Exercise 5.2.22 from Leinster asks to describe the equalizer of $f,1:X\to X$ in $\mathbf{Set}$, where $f:X\to X$ is a map, as explicitly as possible.
What level of explicitness is expected? By definition, it is a pair $(S,h)$ where $S$ is a set and $S\to X$ is a map such that $fh=h$, and if $(S'g)$ is another such pair, then there is a unique $\bar g:S'\to S$ such that $h\bar g=g$. How can one make this more explicit?
On
The equalizer of an endofunction $f:X \to X$ and the identity on $X$ is simply the set of fixed points of $f$. More generally, we could call the equalizer of an endomorphism $f$ and the identity in any category the "object of fixed points of $f$".
On
The equalizer of $s,t:X\to Y$ in $\mathbf{Set}$ is $(E,i)$ where $E=\{x\in X:s(x)=t(x)\}$ and $i:E\to X$ is the inclusion map.
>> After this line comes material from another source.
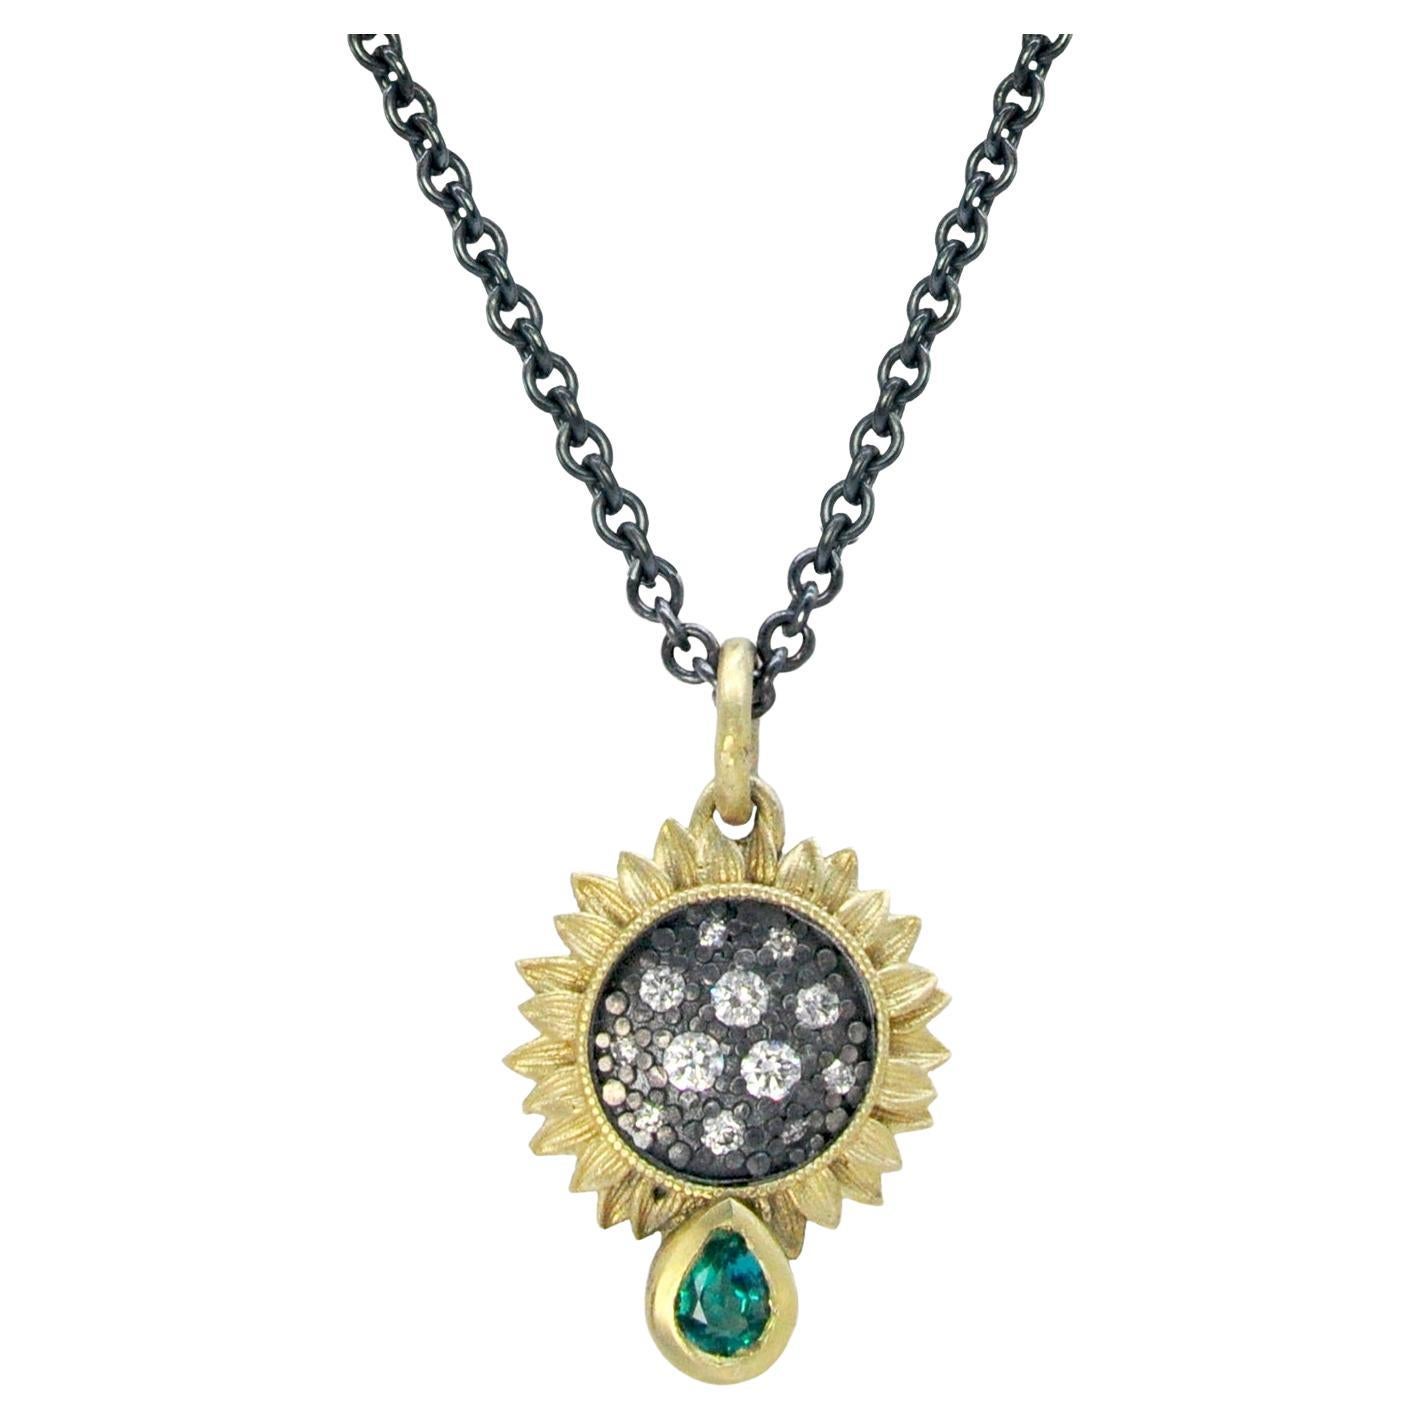 Sunflower Necklace with Pave Set Diamonds in Oxidized Silver with Emerald, Small For Sale

This is clearly a fork, and if $(A,g)$ is another fork, then define $\bar g:A\to E, a\mapsto g(a)$. Note that $g(a)$ indeed lives in $E$ because $sg=tg$, and $\bar g$ is the unique map $A\to E$ such that $i\bar g=g$.
Apply this to $Y=X,\ s=1,\ t=f$.
To give a categorical construction explicitly in a given category is to give in terms of the concrete definition of the objects of the category. For sets, you give the elements, for algebraic objects, you give the elements and the operations; for spaces, the elements and the geometric or topological structure, and so on.